Z wielu ciekawych miejsc, fascynujące mogą być odwiedziny Trójmiasta, gdzie ilość zabytków i interesujących obiektów dorównuje ilości plaż w okolicy (wymienię tu m.in. Jelitkowo, Stogi, Wrzeszcz i Przymorze). Z kolei Żuraw Gdański, Dwór Artusa, Bazylika Mariacka, Westerplatte – to tylko część z imponującej listy miejsc wartych odwiedzenia w Gdańsku. Bliskość Sopotu oraz Gdyni powoduje, iż nasze wycieczki możemy rozszerzyć o sopockie molo (bilet normalny: 7,50 PLN, bilet ulgowy: 4 PLN), Bulwar Nadmorski w Gdyni, bądź wizytę na niszczycielu ORP Błyskawica, zacumowanym przy gdyńskim Nabrzeżu Pomorskim (bilet normalny: 12 PLN, bilet ulgowy: 6 PLN).

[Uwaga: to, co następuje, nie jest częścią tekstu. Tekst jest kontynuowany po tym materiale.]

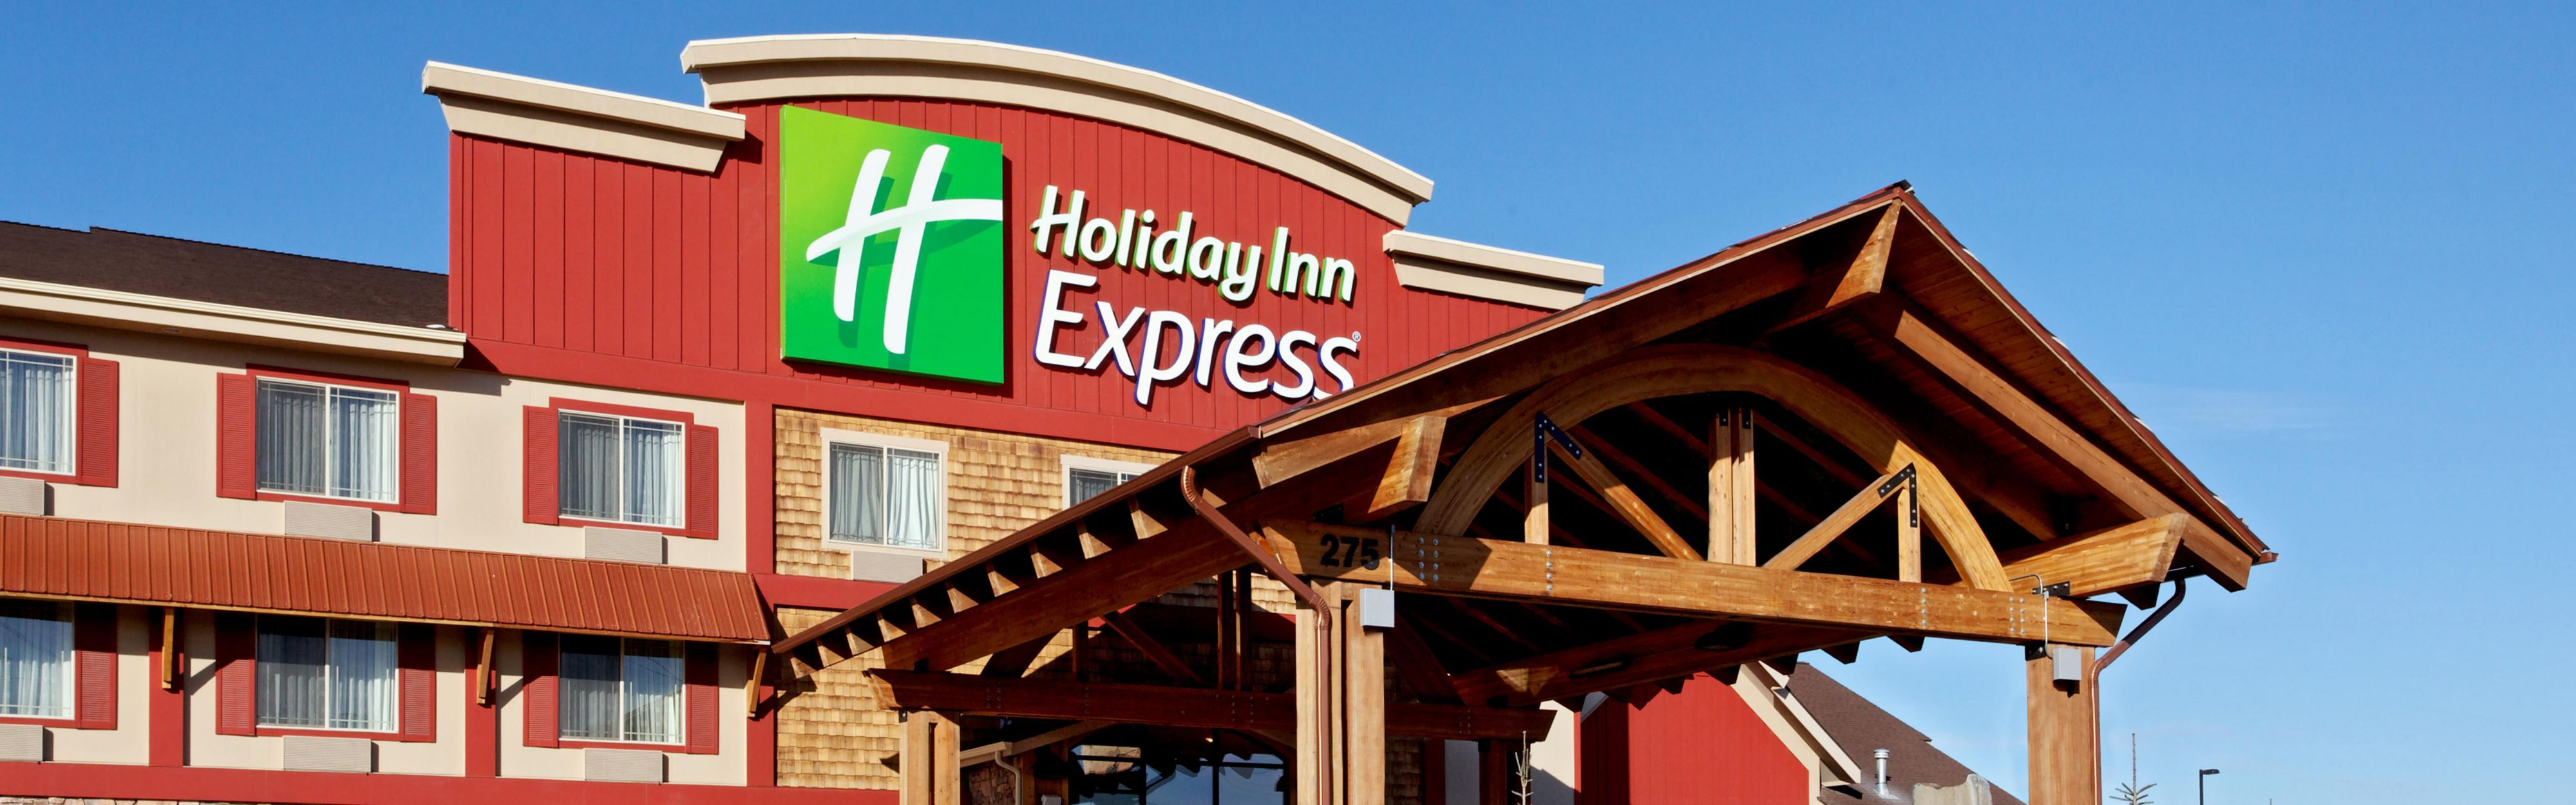 Holiday inn express kalispell coupons

POŁOŻENIE: północna część Polski.
JAK TAM DOJECHAĆ: pociągiem, autobusem, samochodem, samolotem (lotnisko w Gdańsku obsługuje ruch krajowy m.in. linii Ryanair z Warszawy-Modlin i Krakowa, oraz linii LOT z Warszawy i Krakowa).
Inne polecane miejsca: kosmopolityczny Kołobrzeg, Łeba i jej kościół, uzdrowiskowa Ustka, królewskie Darłowo.